In isolation, the throughput of all the links has been verified both locally and by connecting to a 3rd Host C on the Internet (1 Gbps connectivity, Casablanca) and it is trivial to achieve the nominal speed of download/upload. The issue is not observed when Host C replaces Host A in the setup (but again, the problem is not unique to Host A).
Host A runs the following command:
nc -4 -k -l -p 4000 < /dev/zero
Host B runs the following command:
nc -4 89.221.222.131 4000 > /dev/null
In other words, Host B connects via TCP (and through NAT routing on Turris MOX) to Host A and Host A sends a stream of zero bytes to Host B via this TCP connection. The observed download speed fluctuates between 4 Mbps to 8 Mbps instead of being close to the ideal 200 Mbps.
Further observations:
-
Running the receiving command (i.e.
nc 89.221.222.131 4000 > /dev/null
) directly on the Turris MOX yields successfully the ideal download speed of 200 Mbps. -
Running a "relay" on the Turris MOX (i.e.
nc 89.221.222.131 4000 | nc -l -p 4000
) and connecting to this relay directly on Host B (i.e.nc -4 192.168.168.1 4000 > /dev/null
) also yields a solid download speed of 120 Mbps. This demonstrates that the individual links of the Turris MOX are not saturated. -
Even more strangely and surprisingly, when running the original benchmark between Host A and Host B, it is possible to improve the speed of the A -> B transfer close to 200 Mbps just by running another TCP transfer between the Turris MOX and Host B at the same time (i.e.
nc -l -p 4000 < /dev/zero
on the Turris MOX andnc -4 192.168.168.1 4000 > /dev/null
on Host B)! This "disturbing" TCP connection not only improves the performance of the original TCP connection, but the download speeds appear to be strangely correlated, again close to 200 Mbps.

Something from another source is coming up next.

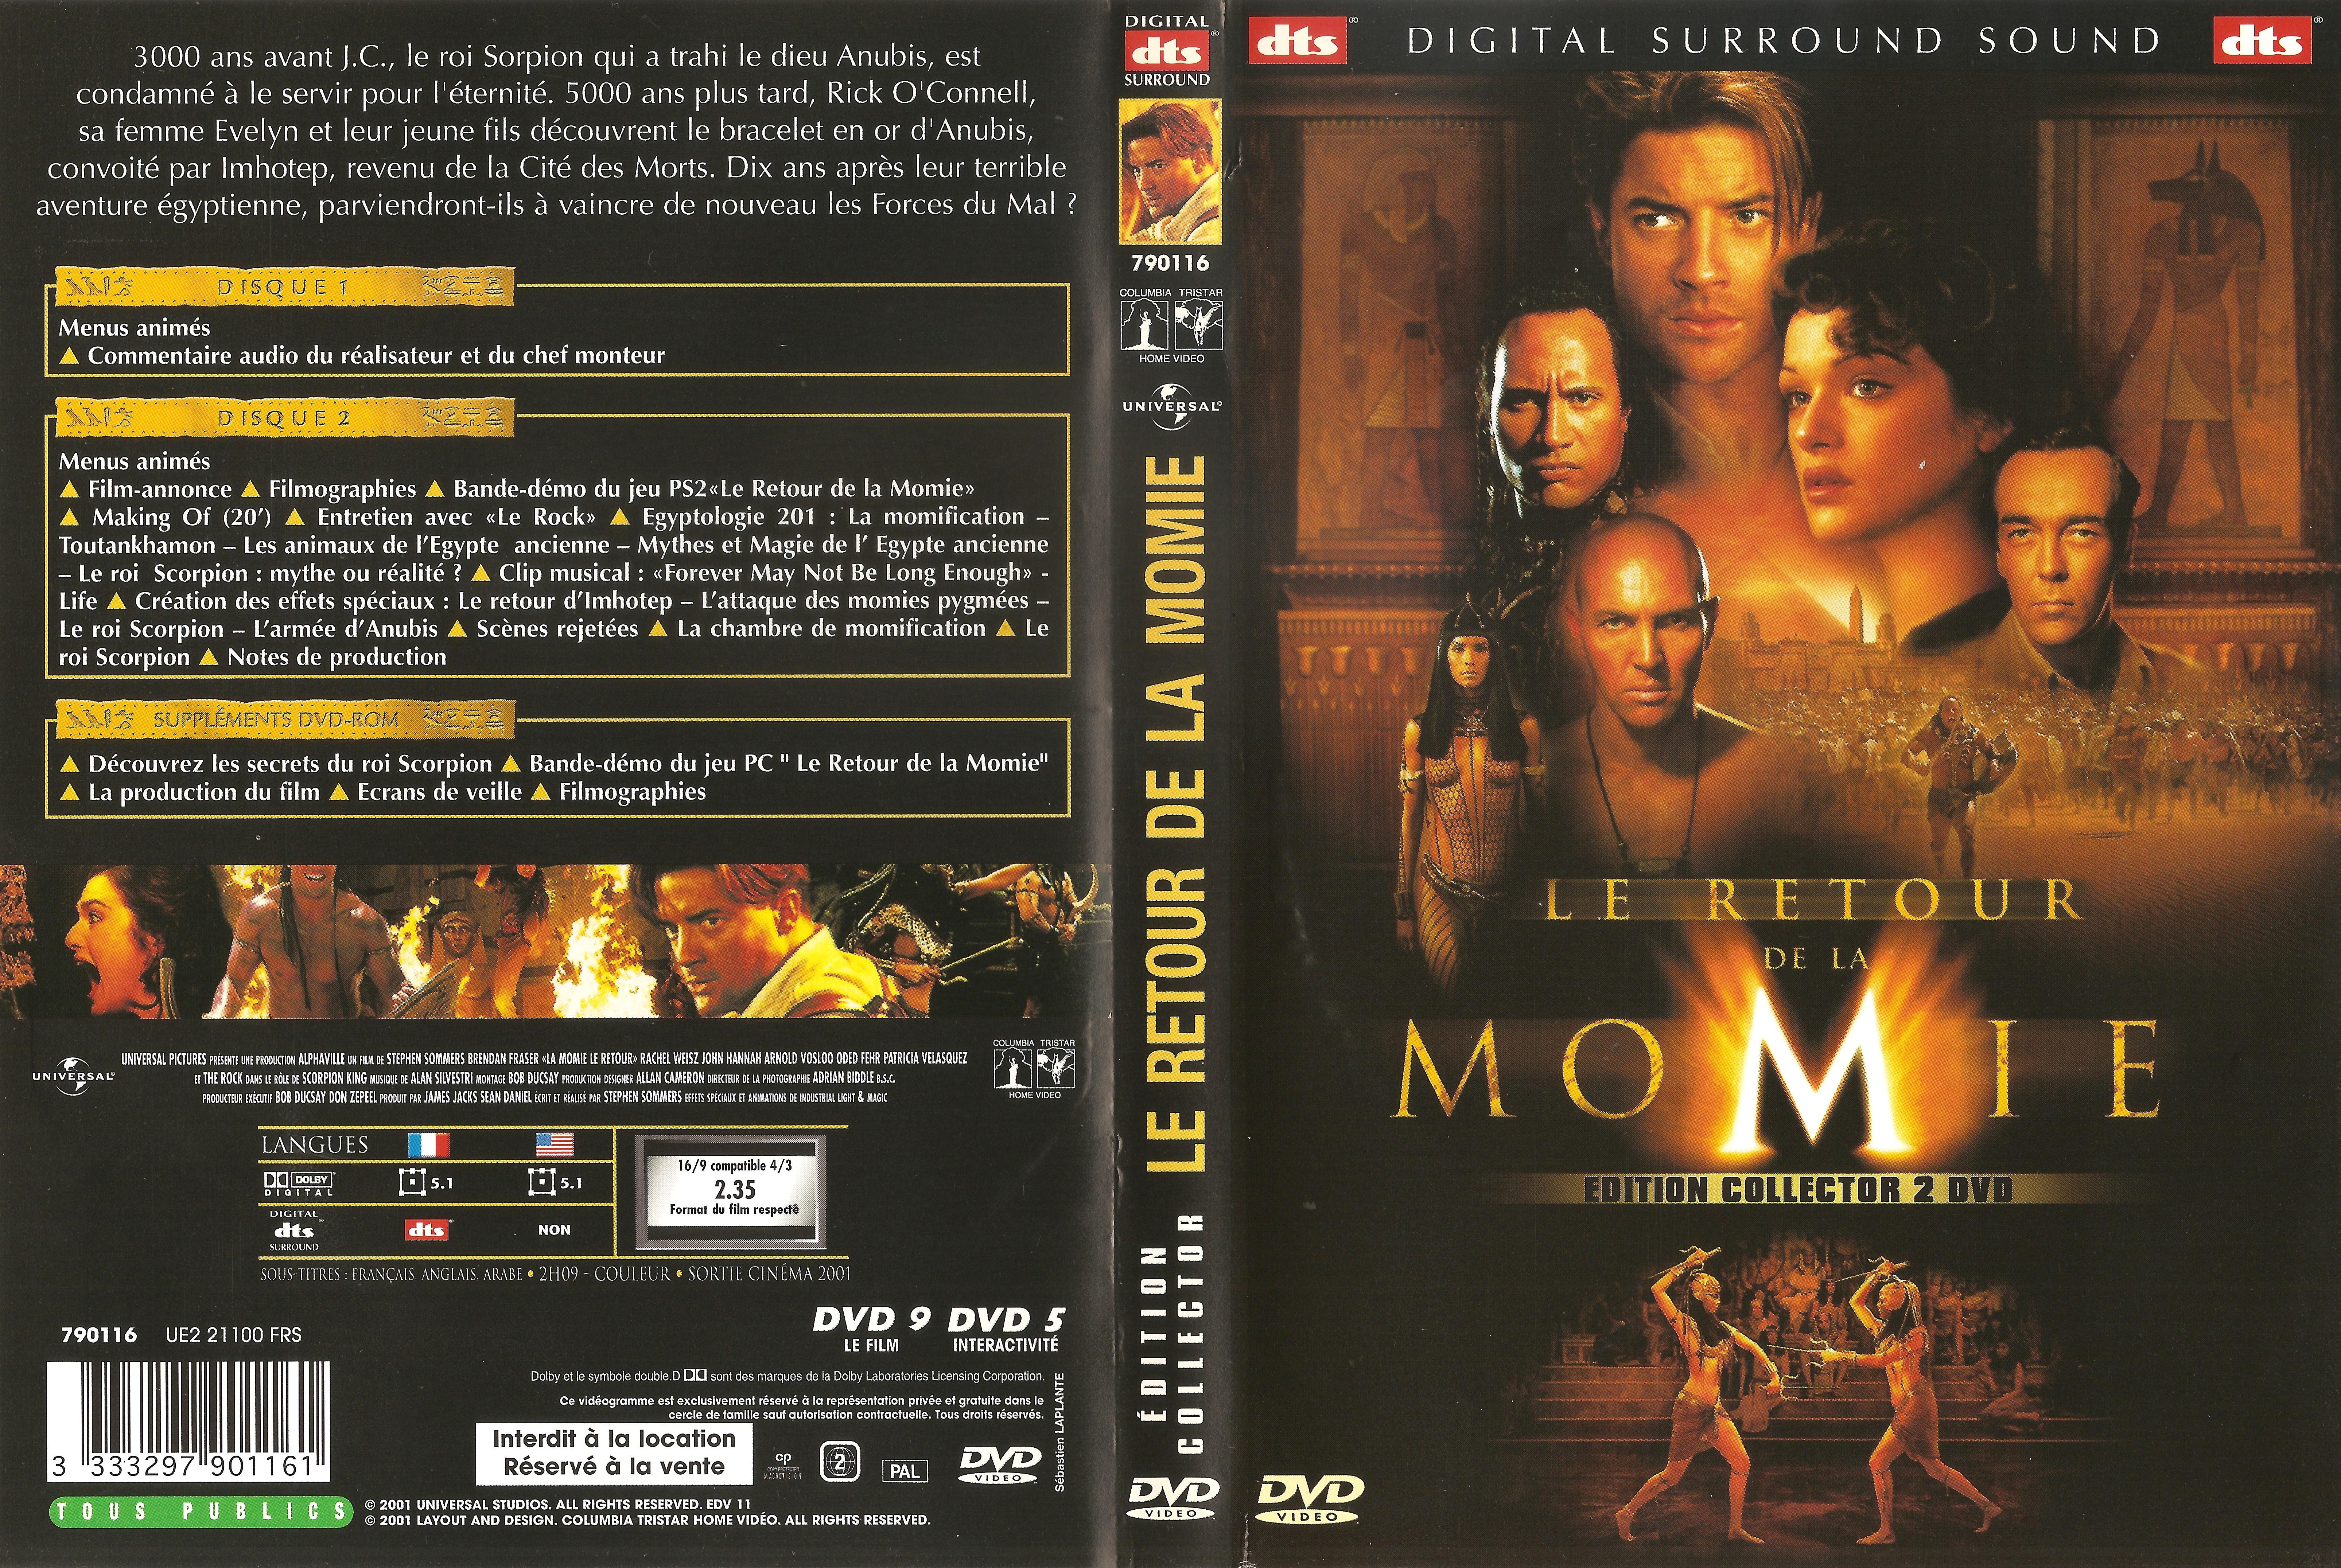 Jaquette DVD Le retour de la momie v2

This suggests that the issue might have something to do with interrupt processing on the Turris MOX or something.
Turris MOX: MOX Start (1024 MB, WAN port) + MOX C (LAN ports)
Turris OS: 5.1.10 with kernel 4.14.222 (the same behavior is observed on 5.2.0 with kernel 4.14.229), no non-standard configuration
If you need more information of any kind, I would be happy to provide them.